EXERCISE BRIEF: What you give back must match the data exactly, minus the pictures.

________

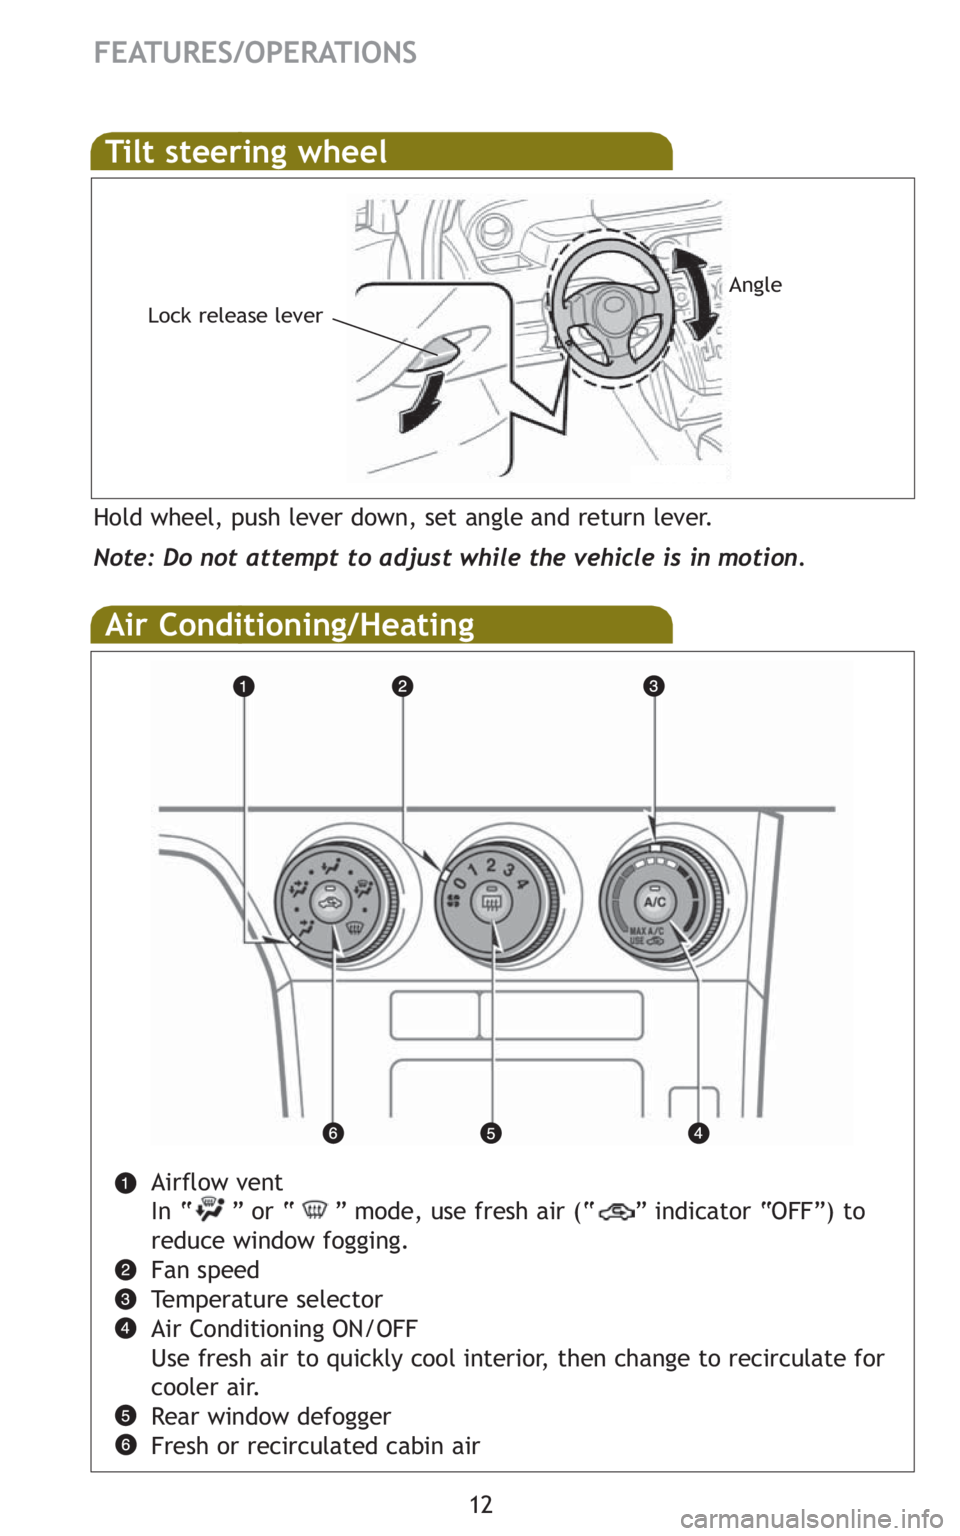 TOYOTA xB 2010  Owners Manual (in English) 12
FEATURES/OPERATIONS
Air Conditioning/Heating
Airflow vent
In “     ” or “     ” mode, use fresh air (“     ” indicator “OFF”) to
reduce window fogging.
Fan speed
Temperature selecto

________

EXERCISE RESULT:
 TOYOTA xB 2010  Owners Manual (in English) 12
FEATURES/OPERATIONS
Air Conditioning/Heating
Airflow vent
In “     ” or “     ” mode, use fresh air (“     ” indicator “OFF”) to
reduce window fogging.
Fan speed
Temperature selecto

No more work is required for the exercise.